Alice wasn’t sure if she should feel sorry for her mom and Grandma, or angry she had been manipulated for so long. She felt an unsettling awareness that every major decision she had made up until this point, was a direct result of their influence, and she found herself wondering if she would have been the one trying on dresses if she had chosen a path they had not paved for her.
She had so many questions and wanted to stay livid, but as Gwen Ann twirled like giddy new bride, Ann saw her eccentric mom in a whole new light.
That night Alice couldn’t sleep. She couldn’t stop thinking about the revelations of the day. Why hadn’t she ever pieced the truth together? Why had she let herself be directed through life by the twin but opposing forces of her mother and grandmother?
Finally Alice gave up on sleep. She walked to the kitchen for a glass of water. As she stood at the sink, she stared at her reflection in the darkened window. “Who am I?” she thought. “I’m a vet because my grandma wanted me to be. I’m ‘smart’ because she told me I had to be. I’m a disappointment because my mother has told me that over and over. But who am I?”

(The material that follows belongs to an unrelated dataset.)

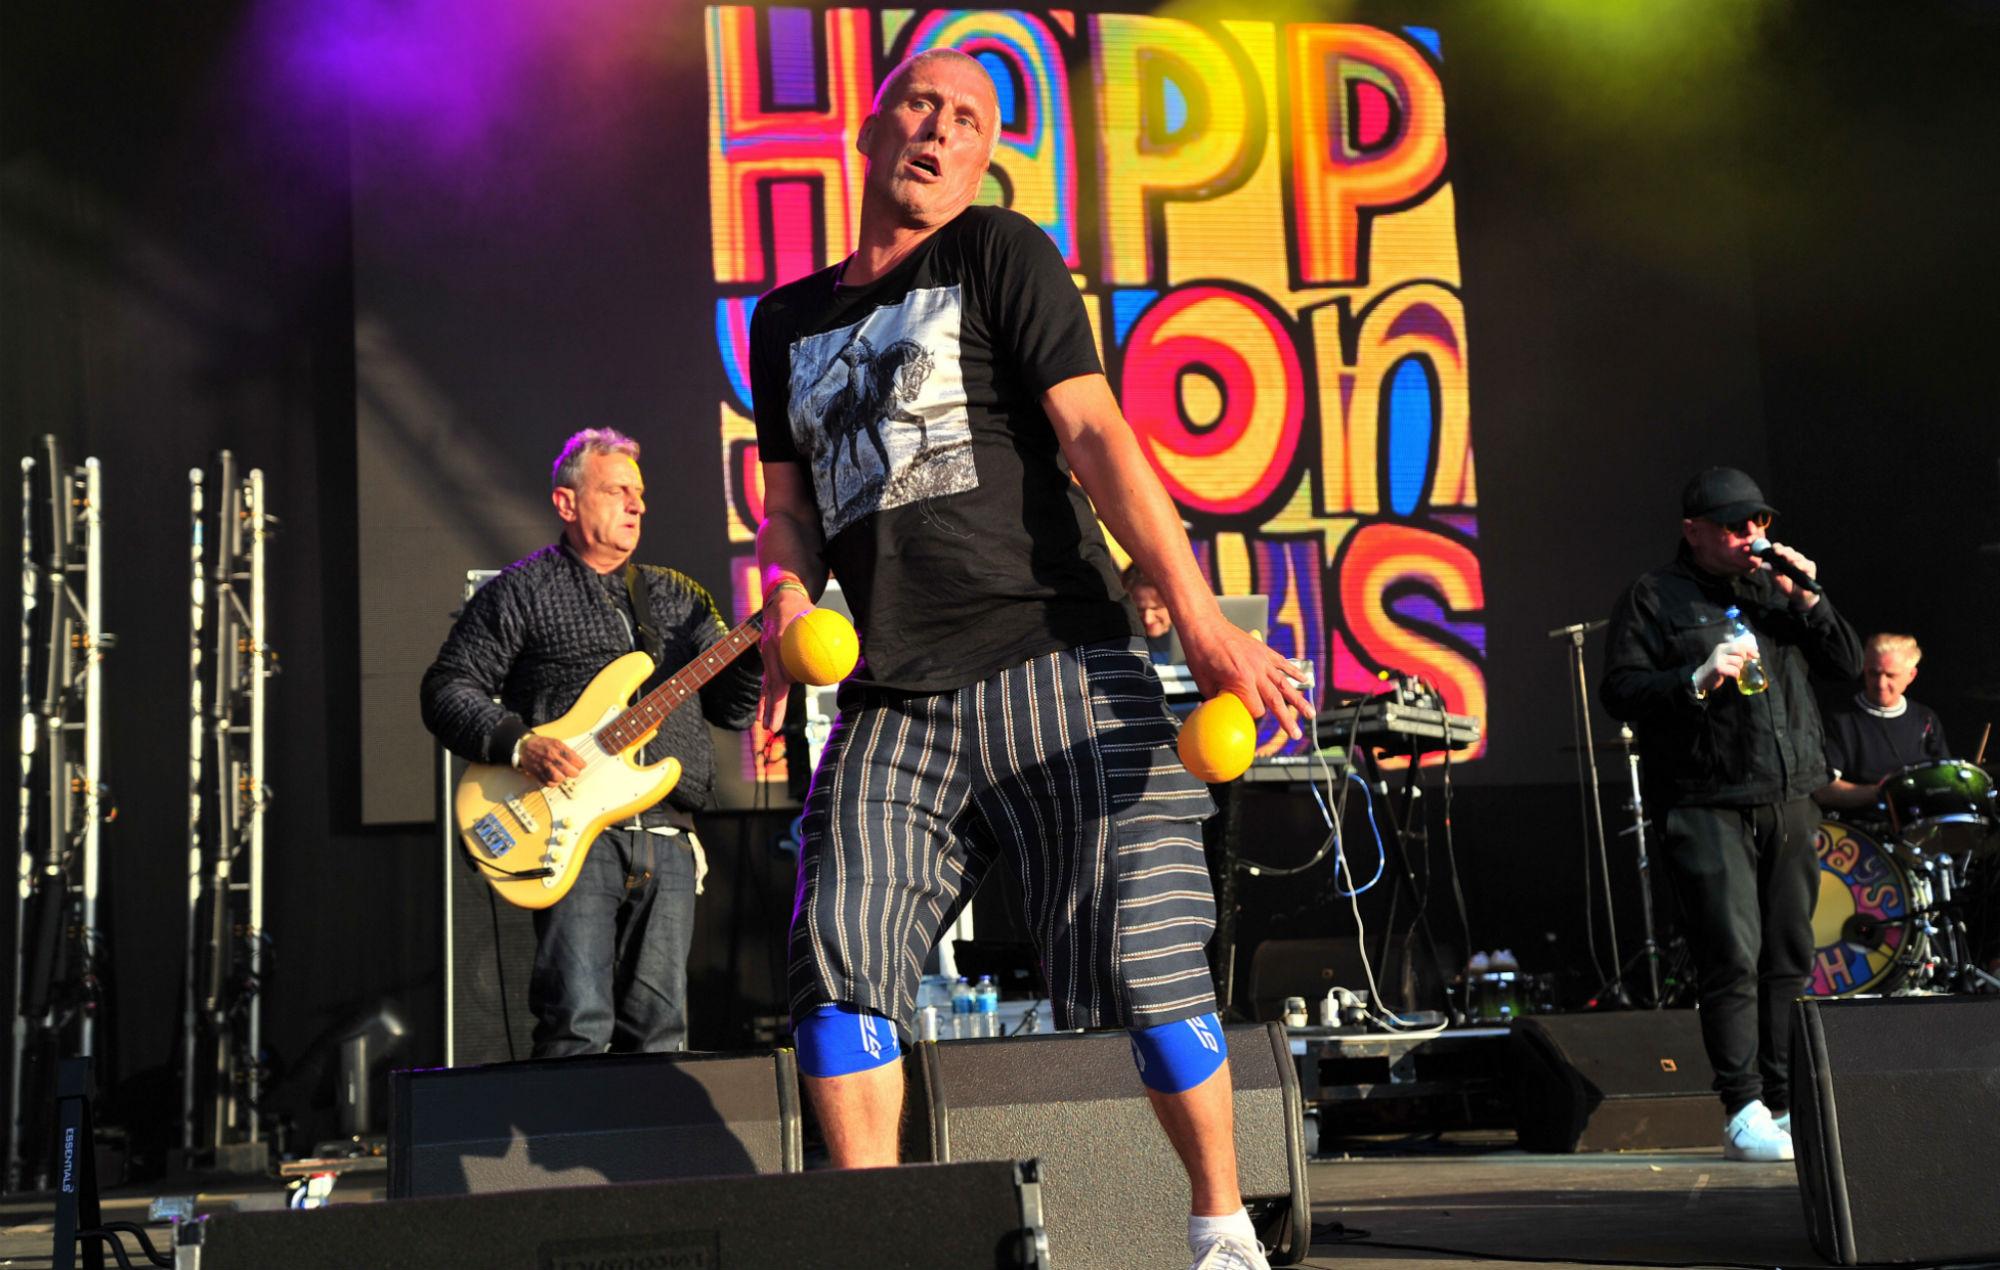 Visor Fest, which Happy Mondays were due to headline, in Benidorm has been cancelled

She went into her living room and sunk into her supremely comfortable sofa. “I like this sofa,” she thought. “I bought it on my own. I picked it out.” It was a little ridiculous but it made her feel surprisingly comforted. Gazing around the room, she surveyed her belongings. She decided which ones were “her” and which ones were influenced by others, namely her mother and grandmother. She went to the closet and pulled out a big garbage bag. She started throwing things in it. She tossed in the lamp her mother had discarded and given to her. It made a satisfying crunch as the glass hit the floor. She threw in books and the ugly afghan her grandmother had knitted that didn’t match anywhere so it had been given to Alice. When she was finally done, the room looked better. “It is more me,” she said aloud. She felt a bit of sinking guilt when she saw the big garbage bag but before she could lose her courage, she threw a coat on over her pajamas, slipped on some shoes and took it outside to leave by the curb.
No one knew what had happened to Alice, but something had. She declined invitations where before she never had. She took a pottery class then a photography class but told her mother she really wasn’t that interested in either, she was just experimenting. “I think she’s gone crazy,” Gwen Ann confided in her husband.
“But she seems really happy,” he pointed out.
“Crazy people usually do,” Gwen Ann said.
The most amazing thing Alice did was quit her job at the Animal Hospital. “I don’t think I ever enjoyed being a vet,” she told her parents.
For the first time in Alice’s memory, Gwen Ann was speechless. “Then what are you going to do?” she sputtered.
“I’m not sure,” Alice said, “I have quite a bit of money saved and I’m going to travel and try to decide.”
Tim caught his breath when he saw the woman walk on the plane. There was a light in her eyes, almost a sparkle, that mesmerized him. She must be about his age but she seemed younger somehow, like she was looking at everything with fresh eyes. He couldn’t stop watching her as she walked down the aisle.
He couldn’t believe his luck when she sat in the seat next to him.
“Hello,” she said, extending her hand, “I’m Alice.”